One may smile while sharpening a knife.


> Tourism in The US is down to the tune of billions of dollars, soybean exports have tanked, US liquor is basically non-existent across Canada and other countries, etc etc.

It's all tech / AI / crypto focus now.


It's good that all of those things are definitely not prone to massive bubbles.


> The world is simply moving on from dealing with the US.

This seems to be an emotional reaction by the observer, not a quantified study, so citation needed. The US market is so big and relatively unified in language and regulations and that make you willing to bite a lot of bullets. Have you ever listed an app on the App Store and dealt with French BS, for example, for a relatively tiny market?

> They will all just trade with each other instead.

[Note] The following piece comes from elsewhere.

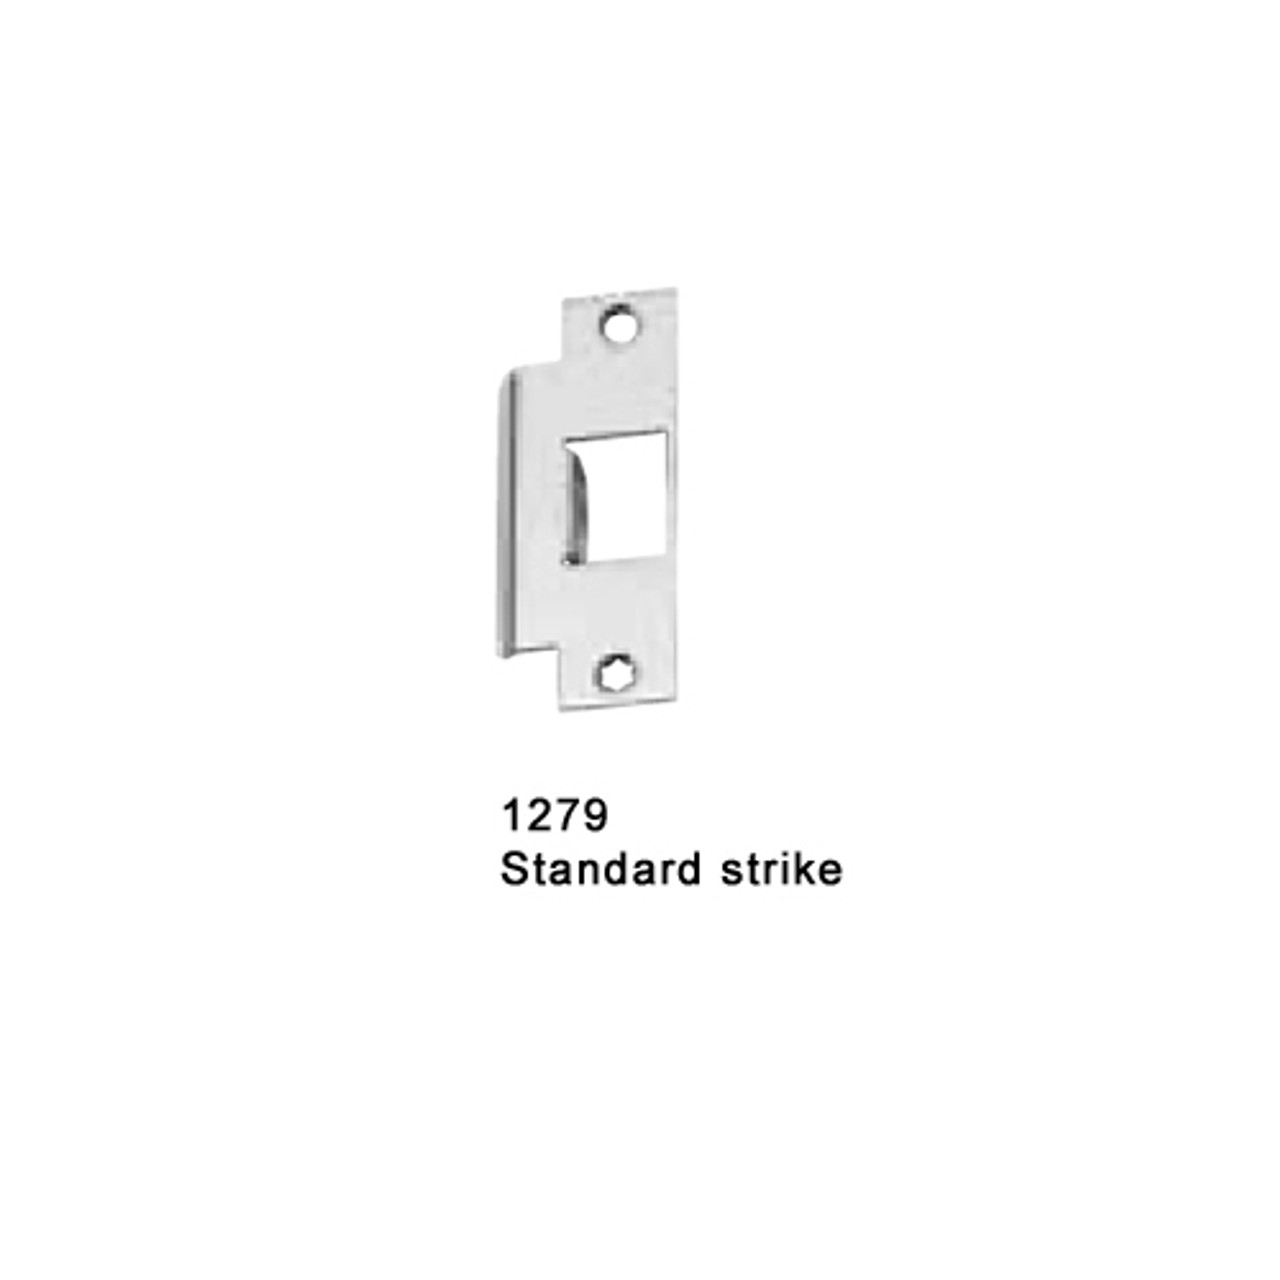 F-25-M-L-Dane-US32-4-LHR Falcon 25 Series Fire Rated Mortise Lock Devices with 510L Dane Lever Trim in Polished Stainless Steel

Many of the US products and services are not as commoditized.


> This seems to be an emotional reaction by the observer, not a quantified study, so citation needed.

A citation would be good, yes.

I've not seen overall import/export stats this year.

But stats from a few years back, say that the number 1 and 2 imports and exports are food and oil? EVs significantly reduce demand for oil, but it's not got much to do with Trump. I saw the same stories as everyone else abouy soy bean exports to China going to zero, but that's just one export to just one country, not an overall trade update.

> The US market is so big and relatively unified in language and regulations and that make you willing to bite a lot of bullets. Have you ever listed an app on the App Store and dealt with French BS, for example, for a relatively tiny market?

Solving this is the primary purpose of the EU: unified single market.

China also big, unified.


> Solving this is the primary purpose of the EU: unified single market. > China also big, unified.

Correct. It is a goal of the EU, but practically speaking, it isn't as nicely unified, and some reasons being inherent like the variety of languages.

China is much more protectionist and you can't sell into it from the outside easily. US tariffs don't even come close to their tariff and non-tariff barriers.

If you think of <20% tariff as Groupon discounts for US consumers buying a bunch of products together, it is likely a more than acceptable trade for many businesses.